Ces paroles provoquèrent une grande répulsion chez tous ceux qui ne professaient pas l’idéologie péroniste[49]. Ce même soir, à Río Cuarto, le général Videla Balaguer annonça à ses proches collaborateurs son intention de se rebeller[50]. Quelques minutes après, le major Adolfo Mauvecín, qui était son subordonné direct, téléphona à un ami à Buenos Aires pour lui demander de sonner l’alarme, parce que Videla projetait de diriger un mouvement révolutionnaire dans les provinces de Córdoba, San Luis et Mendoza[50]. Au 31 août, Videla Balaguer bénéficiait de l’appui de nombreux officiers dans la 2e armée, et sut faire adhérer à son dessein d’autres officiers encore, dispersés dans d’autres unités de la région et souhaitant se rebeller contre le gouvernement ; cependant, il ne détenait de commandement effectif sur aucun d’entre eux[46].

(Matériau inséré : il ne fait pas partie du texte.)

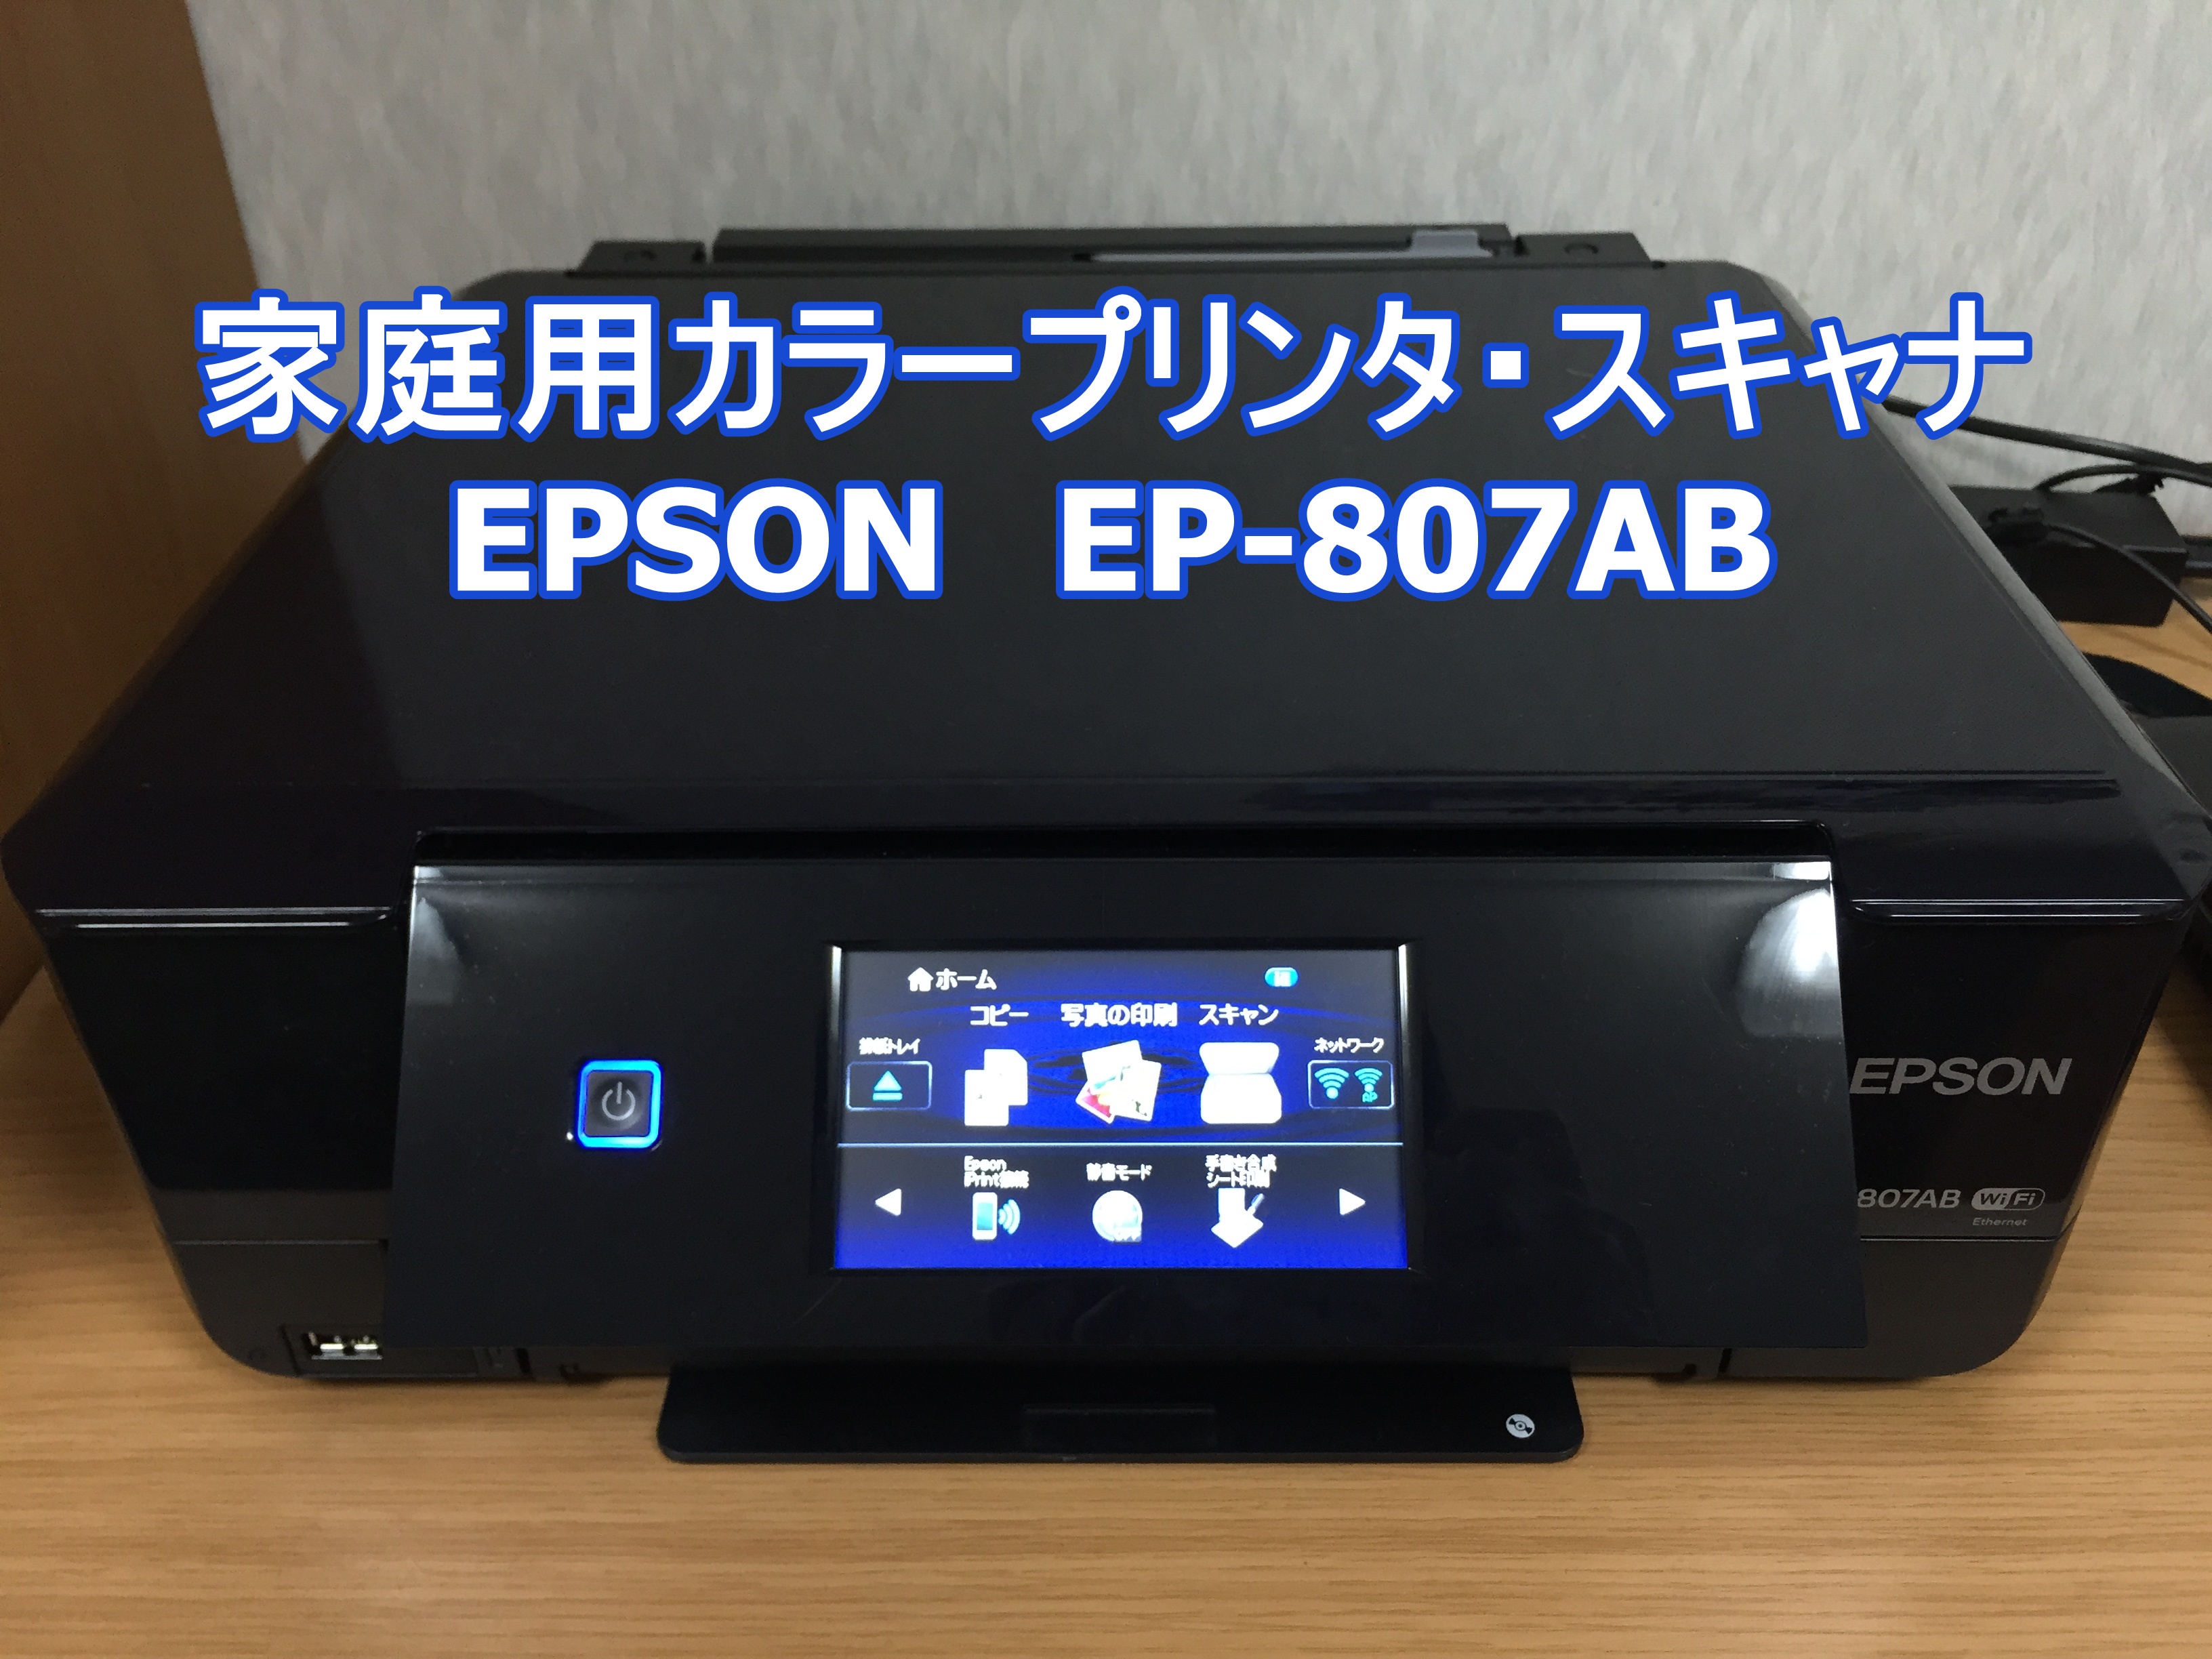 売れ筋商品 旧モデル エプソン インクジェット複合機 Colorio EP-806AB 無線 有線 スマートフォンプリント Wi-Fi Direct  ブ

Le premier septembre, il y eut un moment de confusion. Ni les groupes civils de la ville de Córdoba, ni les militaires qui trempaient dans le complot à l’École d’artillerie ne voulaient se précipiter dans l’aventure sans la direction d’un officier de haut rang et sans l’appui de leurs contacts à Buenos Aires. Il n’était toujours pas clair si le chef de la révolution était Videla Balaguer, Ossorio Arana, Señorans, ou Aramburu. Devant l’hésitation entre « y aller » ou « ne pas y aller », Ramón Molina requit l’intervention d’Ossorio ; en effet, « avec lui, il n’y a pas de problème, même les fourneaux y vont », Ossorio ayant été directeur de l’École d’artillerie et jouissant d’une grande popularité auprès des officiers[50]. Le 2 septembre de bonne heure, Ossorio Arana prit la route et frappa tôt le matin à la porte de Videla Balaguer, à Río Cuarto. Ils convinrent qu’Ossorio ferait d’abord le voyage de Córdoba et, après avoir évalué la situation sur place, donnerait les coups de fil utiles[51].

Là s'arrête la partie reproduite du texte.